Steven F. Marino, Marino & Associates PC, Philadelphia, PA, for Plaintiff. John P. Lavelle, Jr., Rebecca Jill Hillyer, Philadelphia, PA, Katharine Heitman, Kurt Stitcher, Chicago, IL, for Defendant.
Steven F. Marino, Marino & Associates PC, Philadelphia, PA, for Plaintiff. John P. Lavelle, Jr., Rebecca Jill Hillyer, Philadelphia, PA, Katharine Heitman, Kurt Stitcher, Chicago, IL, for Defendant.
MEMORANDUM
EDUARDO C. ROBRENO, District Judge.
Defendant prescription medical device manufacturer moved to dismiss Counts I–VII and IX because, inter alia, Pennsylvania law does not impose liability for harm caused by a prescription device manufacturer under theories not based on negligence. For the reasons that follow, the Court will grant the motion and dismiss Counts I–VII and IX.
I. BACKGROUND
For purposes of disposing of the Motion to Dismiss, the Court accepts all well-pleaded factual allegations in the Complaint as true and draws all inferences in the light most favorable to Plaintiff.

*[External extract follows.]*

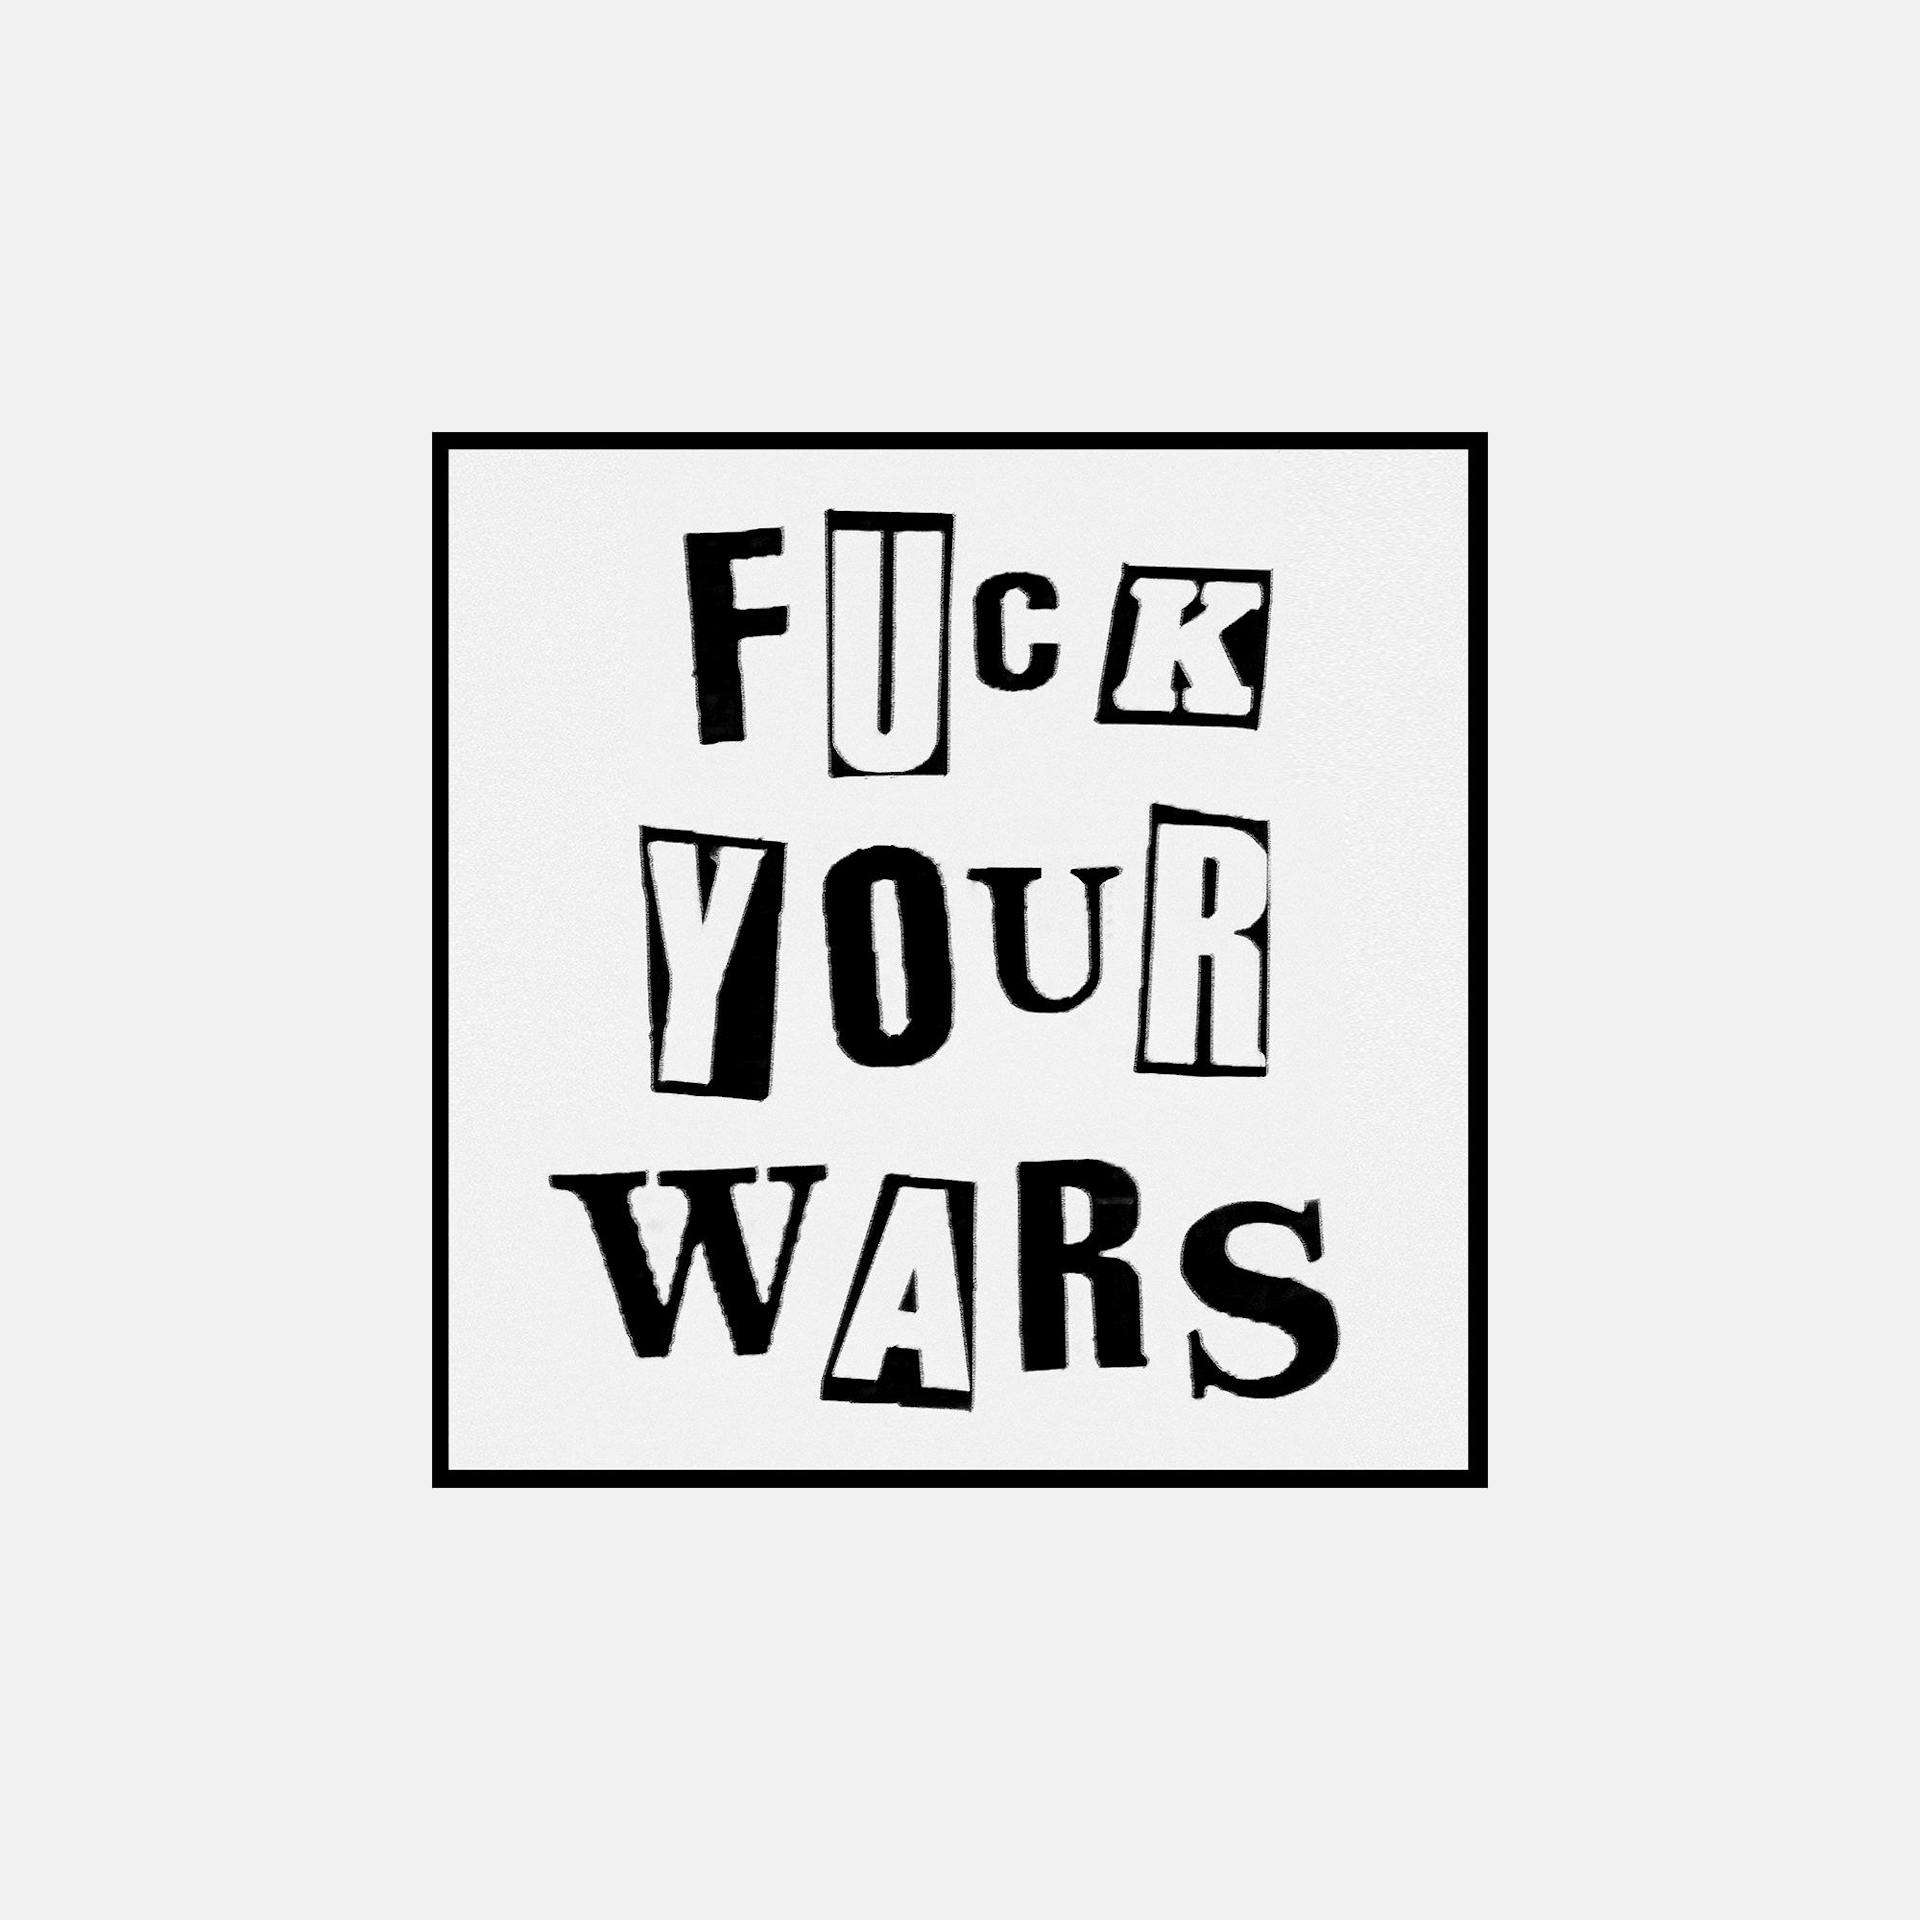 FUCK YOUR WARS art by Jamie Reid

On August 26, 2009, Marina Kee (“Plaintiff”) complained to Robert E. Booth, Jr., M.D., (“Dr. Booth”) of knee pain. Compl. ¶ 23, ECF No. 1. Dr. Booth diagnosed Plaintiff with advanced degenerative arthritis of both knees and recommended total knee replacement. Id. ¶¶ 24–25. On September 29, 2009, Plaintiff underwent bi-lateral total knee arthroplasties at Bryn Mawr Hospital, where Dr. Booth implanted the Zimmer NexGen, Legacy Posterior Stabilized flex knee system (“LPS System”). Id. ¶ 27. Zimmer, Inc., (“Defendant”) designs, manufactures, and distributes the LPS System. Id. ¶¶ 7–10.

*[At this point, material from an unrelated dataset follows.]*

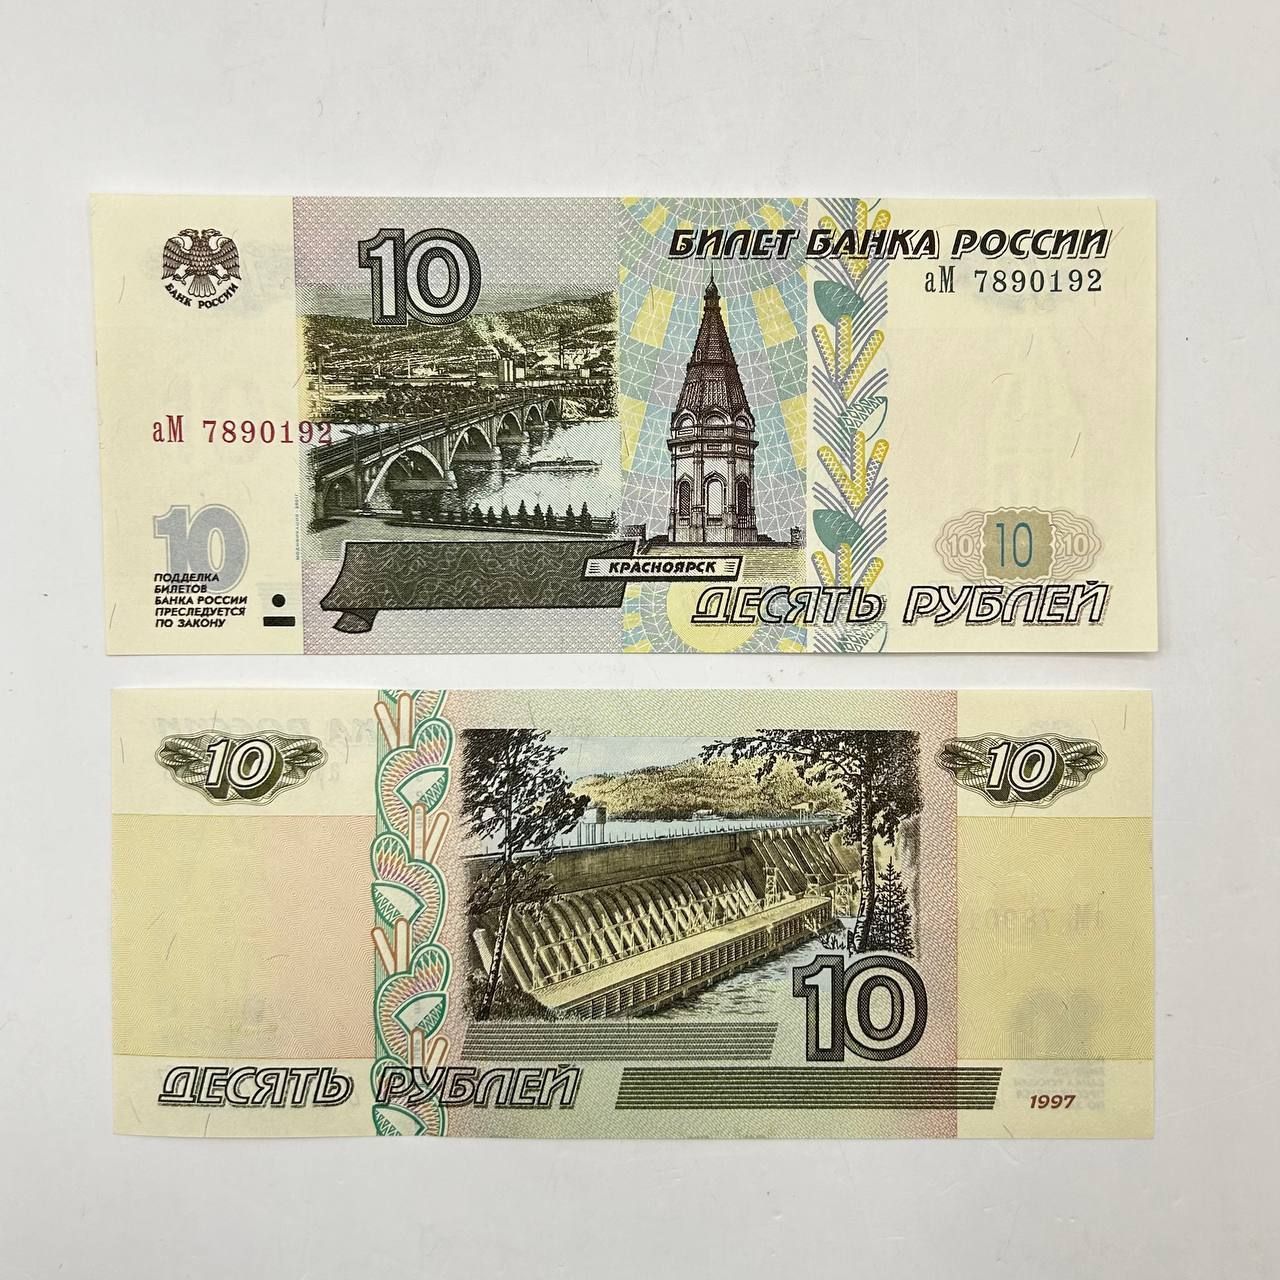 Купюры 10 рублей 1997. Купюры модификации 2004 года. Двадцать рублей 1997. Деноминация 1997.

In January, 2011, Plaintiff complained of left knee pain; two doctors diagnosed her with apparent loosening of the tibial component implanted by Dr. Booth on September 29, 2009. Id. ¶¶ 28–29. On February 21, 2011, Eric A. Levicoff, M.D., an orthopedic specialist, recommended knee replacement. Id. ¶ 30. On March 18, 2011, Plaintiff underwent the surgery. Id. ¶ 31.
II. PROCEDURAL HISTORY
On August 24, 2011, Plaintiff commenced a civil action in the Court of Common Pleas of Philadelphia County by filing a writ of summons. Notice of Removal ¶ 1, ECF No. 1. On December 5, 2011, Plaintiff filed a Complaint asserting the following nine counts: defective design (Count I); failure to warn (Count II); violation of Pennsylvania Unfair Trade Practices and Consumer Protection Law (“UTPCPL”) (Count III); fraud (Count IV); breach of implied warranty of fitness (Count V); breach of implied warranty of merchantability (Count VI); breach of express warranty (Count VII); negligent design and manufacture (Count VIII); and punitive damages (Count IX). Compl ¶¶ 32–109.
Defendant removed to the U.S. District Court for the Eastern District of Pennsylvania invoking this Court's diversity jurisdiction.
Notice of Removal ¶ 8. On January 27, 2012, Defendant filed a Motion to Dismiss Counts I–VII and IX of the Complaint. Mot. to Dismiss 1, ECF No. 6. Plaintiff responded. Pl.'s Resp. 1, ECF No. 7. And Defendant moved for leave to reply with a proposed reply memorandum attached to the motion. Def.'s Reply 1, ECF No. 8. The Court held a hearing on May 8, 2012, and now decides the motion.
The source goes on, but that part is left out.